Linked with the above issue is that of the general role of intellect in everyday life. A social system which, in various ways, militates against the expansive and panoramic play of mind in day to day activity is the enemy of mental energy and spontaneity. In the face of this enemy, liberal-individualists should at all times seek to maximise the outlets for mental vitality in the daily round. Let us now move to a conclusion. As said in the introduction, classic liberalindividualism has always focussed on the individual mental context, the personal intellectual witness. This focus has faced many problems, even and especially during its heyday in the 19th century. The talk has outlined what these problems have been and remain, but has also referred to various ways of combatting them.

These ways imply that a considerable degree of compatibility between liberalindividualism and contemporary Western society is in fact possible. Implementing them does not mean turning the clock back to some pre- contemporary social order; what it does mean is making the current order more flexible, elastic, accommodating to personal idiosyncrasy, tolerant of exceptions to rules. Such changes would allow the individual to feel more at ease within social formations, less threatened by organisational structures, less fearful of personal mental context being eroded. The circumspect person clearly sees that, in the contemporary Western world, certain kinds of large-scale organisation, and inclusion in them, are objectively necessary. Reference has already been made to the need to combat the power of industrial and financial corporations. This task clearly calls for participation in large-scale political movements; it otherwise has no chance of success. A further context in which a person is required to put his/her individuality in second place is in relation to the benefits of extensive health and social services provided by central and local government.

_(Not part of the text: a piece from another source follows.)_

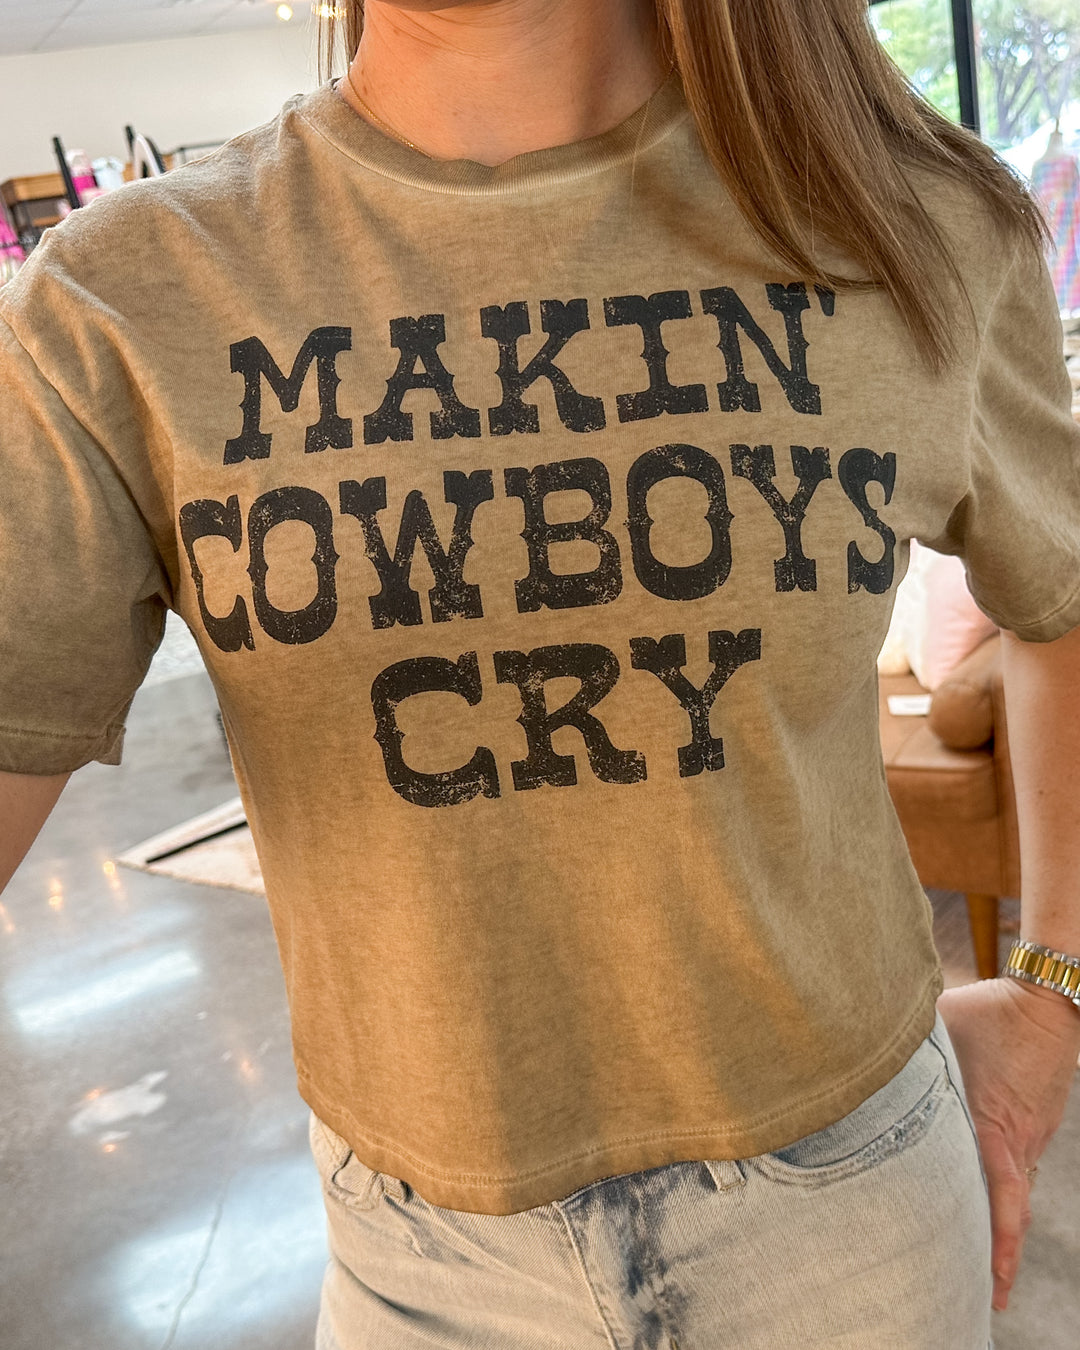 Makin Cowboys Cry Crop Tee

These benefits are available only if the individual agrees to become a name on a long list; each person duly has to wait his/her turn before receiving attention. This public-service context — which of course was virtually non-existent for much of that 19th century in which classic liberal-individualism reached its high water mark — is one that every sensible person should accept and adjust to. A similar point can be made about social and national emergencies (eg. Natural disasters, wars) in which the individual is required to contribute to the general welfare. S/he ought to acquiesce with willingness in a practically requisite degree of public organisation and authority: one which is certainly reconcilable with an equally requisite degree of private autonomy and integrity.